『敗戦とラジオ』再放送(11月7日、夜10時~)を見て(1)あの頃のラジオを思い出しつつ
今年の8月15日ETV特集を見逃してしまった。再放送もうっかり忘れるところだった。録画も取り損ね、これも加齢現象の一つかとやや気落ちしているところなのだ。
番組の「敗戦とラジオ」は、GHQの検閲下で、NHKの先輩たちがいかに頑張ったのかの視点で、現在のスタッフが、当時の放送人たちが残した記録やインタビューによって描いたものだ。世相や政治を風刺コントや歌で批判したという「日曜娯楽版」(1947年10月12日~1952年6月8日)が、被占領下のNHK放送における抵抗の軌跡のように、一条の光のように、語り継がれるのだった。が、果たしてそれだけで完結してしまってよかったのだろうか。「NHKにもこんな歴史があった」という郷愁が色濃く漂っていた。その先の、今の放送人や視聴者たちがそこから何を学び、このメデイアの激変、メデイアの危機に直面して何をなすべきかの緊張感に欠けているように思われたからである。素材の提供という緩やかなメッセージで終わってしまったのが残念だった。
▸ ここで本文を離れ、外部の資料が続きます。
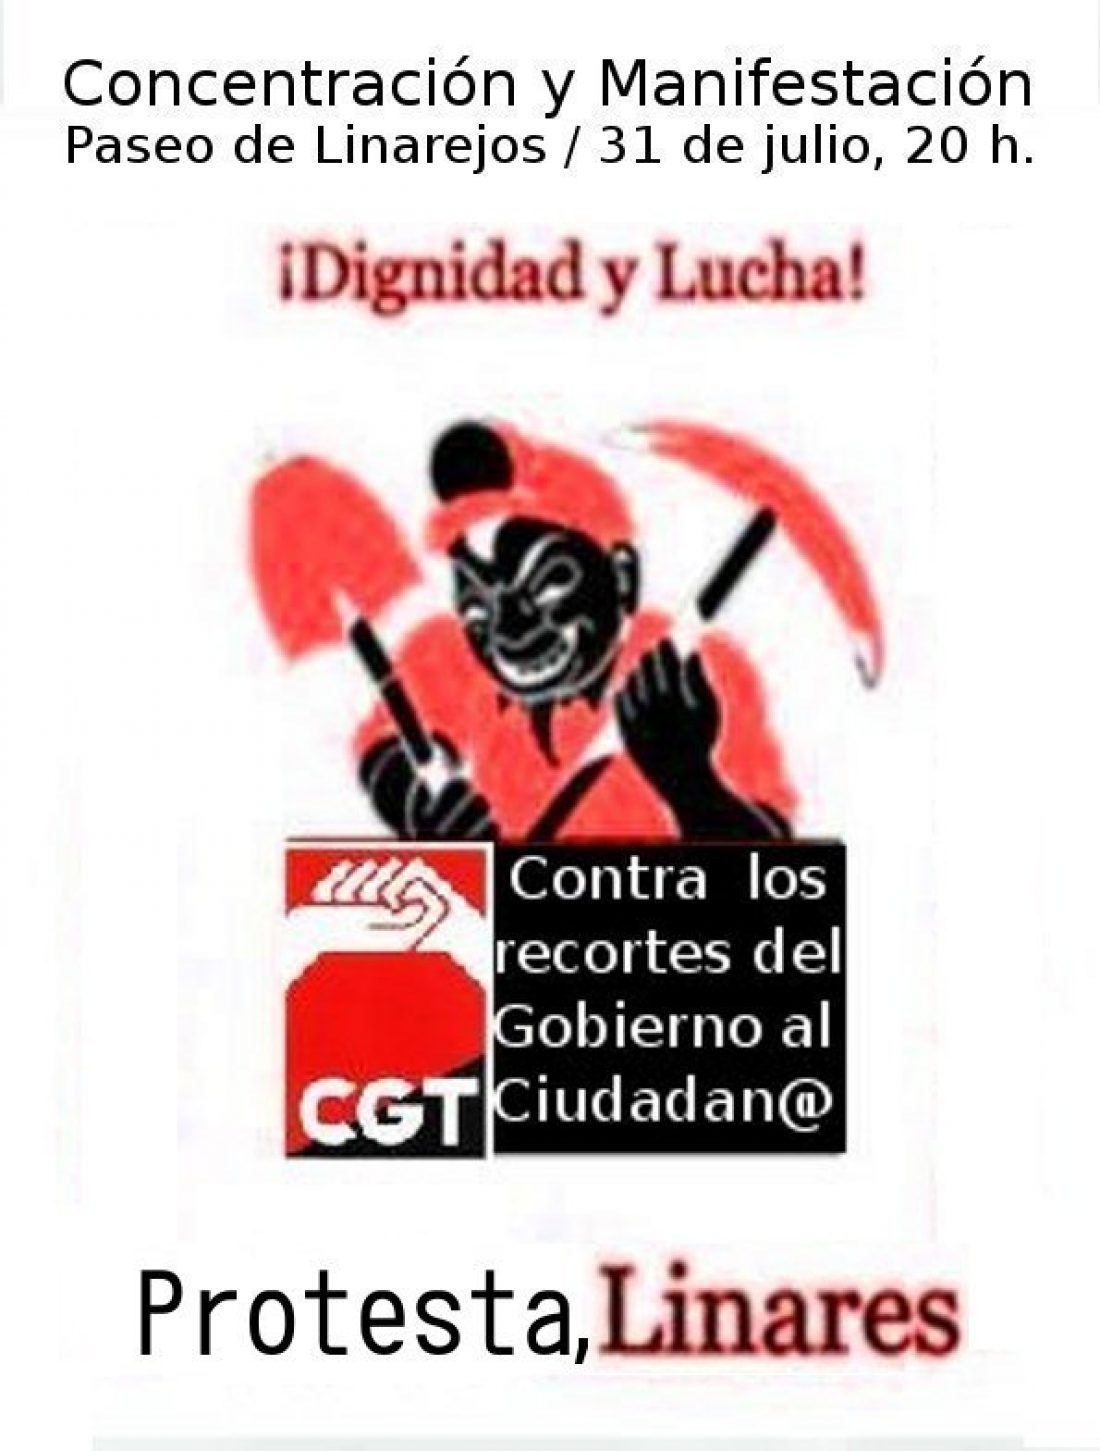 Protesta, Linares. Concentración y manifestación el 31 de julio. Dignidad y lucha

ないものねだりでなく、視聴者としても考えさせられる番組だった。
私も「日曜娯楽版」の「冗談音楽」のオープニングや「僕は特急の機関士で」などが口をついて出てくるほどだから、子供ながら聴いていた世代なのだろう。やはり、「鐘の鳴る丘」(1947年7月5日~1950年12月29日)、「向う三軒両隣り」(1947年7月1日~1953年4月10日)「三太物語」(1950年4月30日~1951年10月28日)などの記憶の方が鮮明だ。クイズの「二十の扉」(1947年11月1日~1960年4月2日)、「話の泉」(1946年12月3日~1964年3月31日)、 「私は誰でしょう」「とんち教室」(いずれも1949年1月3日~?)などにもよく耳を傾けていたことが思い出される。そこに登場する回答者の柴田早苗、石黒敬七って何をしている人だろうね、と大人たちが話しているのを聞いたこともある。
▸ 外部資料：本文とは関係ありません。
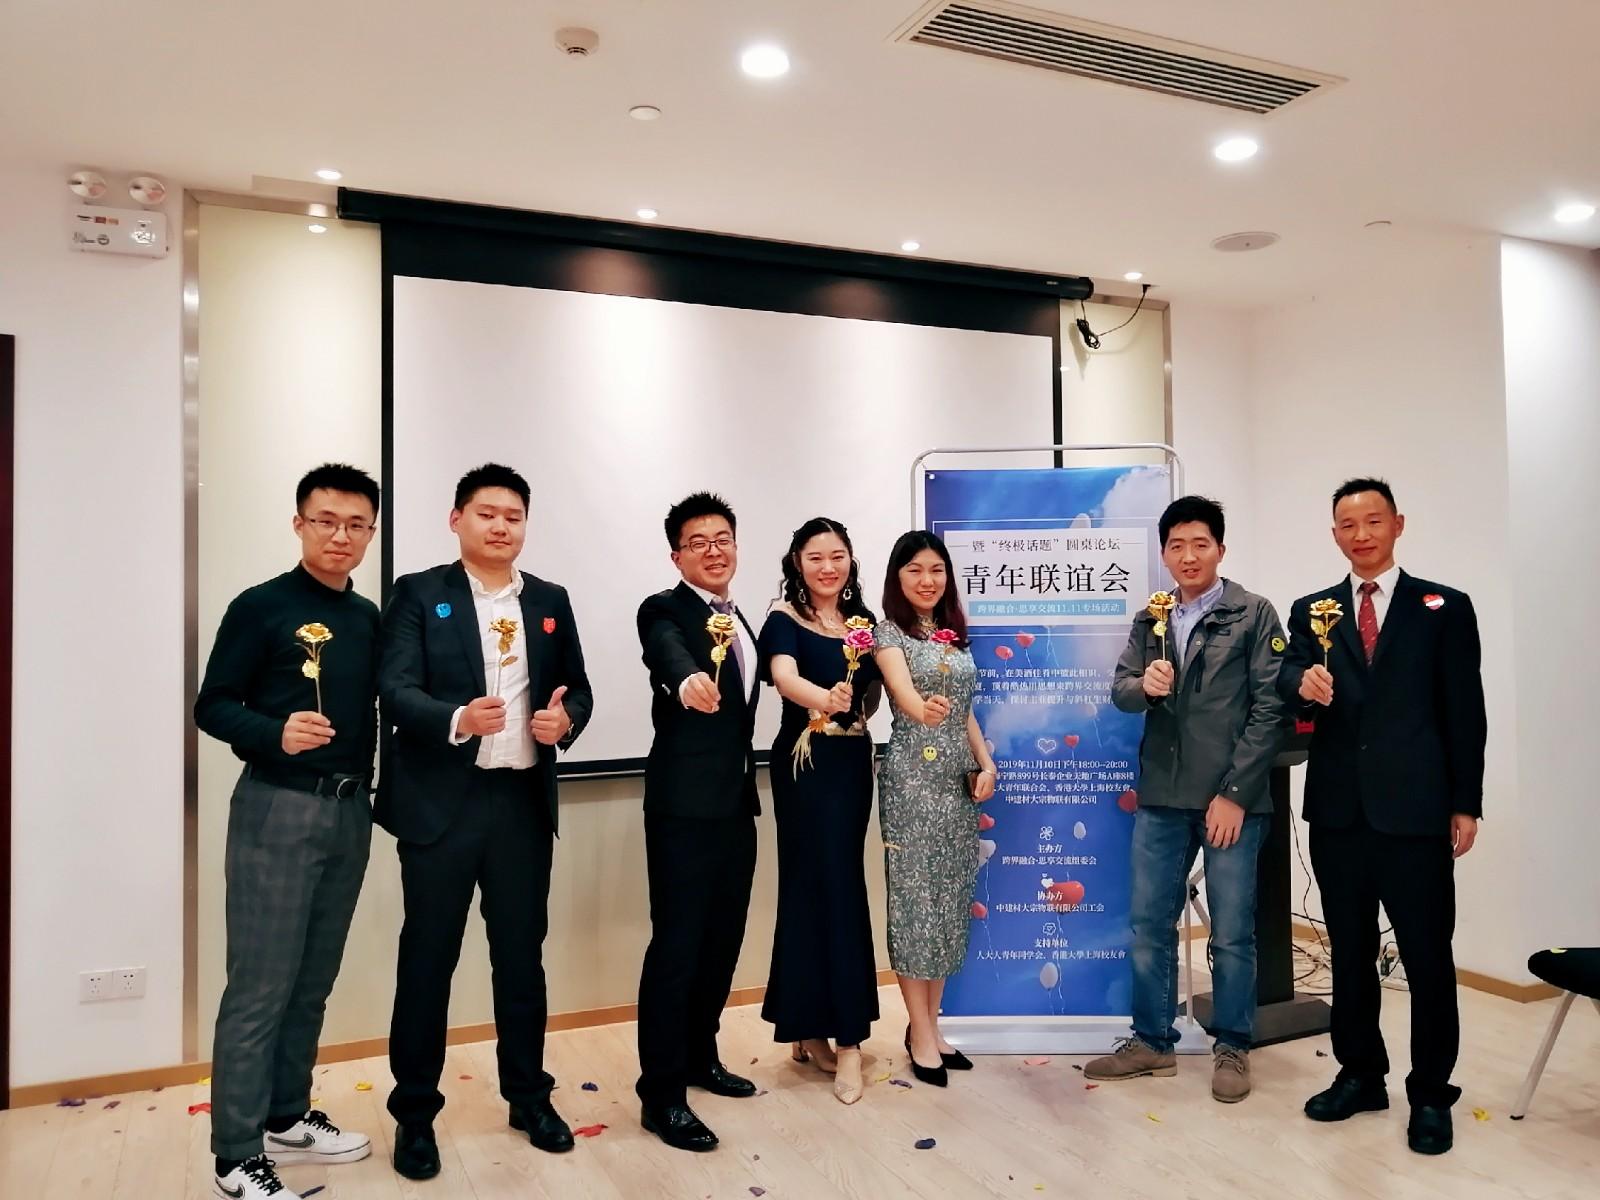 中国人民大学人大人学院青年联谊会活动图集

しかし、夜の番組は、しばしば、停電に見舞われ、表に飛び出すと、近所の人たちも、すでにトランスのある電柱の下に集まっている。ご近所にKさんという電気関係の技師がいて、誰かが呼びに走ると、Kさんは不自由な足を引きずって現れ、皆の期待を集めて電柱に登るのだった。停電の範囲が見極められ、電力会社の人を待つまでもなく、使い過ぎで飛んだヒューズを替えてくれていたのだろうか、多くの場合は、ぱっと明かりがついて、ゆっくりと電柱を降りてくるK さんを、大人たちは感謝の意を表し、私たち子どもたちは尊敬のまなざしで、迎えるのだった。末っ子が私と同学年の3姉妹の父親でもあった。勝手に電柱に登るなんて、今では考えられない、そんな風景が日常茶飯の時代であった。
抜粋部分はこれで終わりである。